Jam 06.00 semua kue sudah siap, ibu berangkat ke pasar dan Lely mengantar kue
ke warung dan kantin sekalian berangkat
sekolah. Sebenarnya Lely ingin membantu ibu memasak kue, tetapi ibu melarang
karena khawatir Lely akan mengantuk kalau harus bangun lebih dini.
“Assalamualaikum.............”
“
Wa’alaikumsalam........................ sudah pulang Lely?” terdengar jawaban
ibu dari dapur. Lely langsung menemui ibu,
setelah meletakkan tas sekolah di meja dapur yang menjadi satu dengan rungan
tengah dan sekaligus tempat Lley belajar setiap harinya. Setelah meletakkan kotak tempat kue di ember,
Lely mencium tangan ibu.”Alhamdulillah, semua kue hari ini habis terjual bu,”

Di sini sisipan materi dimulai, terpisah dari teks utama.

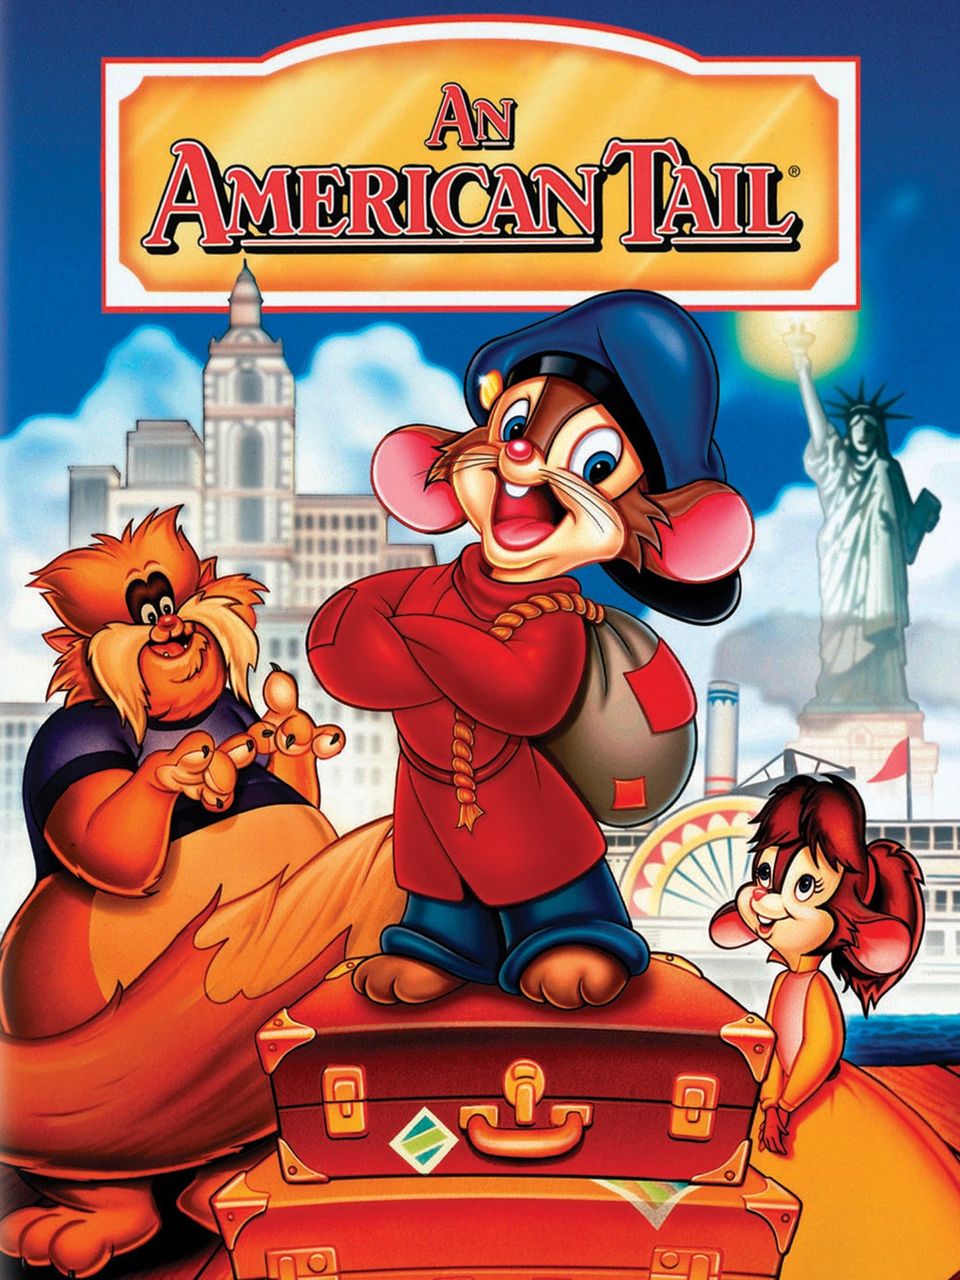 A Timeless Classic: บทวิจารณ์ภาพยนตร์เรื่อง "An American Tail"

sejumlah uang dari kantin sekolah diberikan ke ibu. Sambil terus membersihkan
sayur bayam, ibu menerima uang pemberian Lely. Tampak senyum puas terbalut
letih dari bibir ibu. Tak ada kebahagiaan bagi ibu dan anak tersebut selain
dagangan laku terjual. Setelah menghitung uang, selembar uang Rp 5.000 di
masukkan ke celengan gajah yang terbuat dari tanah liat. Ibu sudah terbiasa
menyisihkan sebagian uang dari penjualan kue. Besarnya tidak pasti, terkadang
Rp 1.000, kalau kebetulan semua jualan laku bisa sampai Rp 5.000. Untuk
keperluan mendadak dan kelak bisa digunakan membiayai sekolah Lely , demikian
kata ibu.
“Kamu sudah lapar nak? Ibu baru mau
masak .”
“Sayur bayam sama tempe goreng bu?
Ehm, enak sekali. “ Lely berdecap membayangkan sayur bayam hangat dan tempe
yang menjadi menu makan siangnya. Lely anak yang penurut dan tak banyak
menuntut. Dia mau memahami kondisi ibu, semua sajian yang dimasak ibunya selalu
di makan. Meskipun setiap hari terbiasa
dengan lauk pauk sederhana, tetapi Lely sudah sangat bersyukur.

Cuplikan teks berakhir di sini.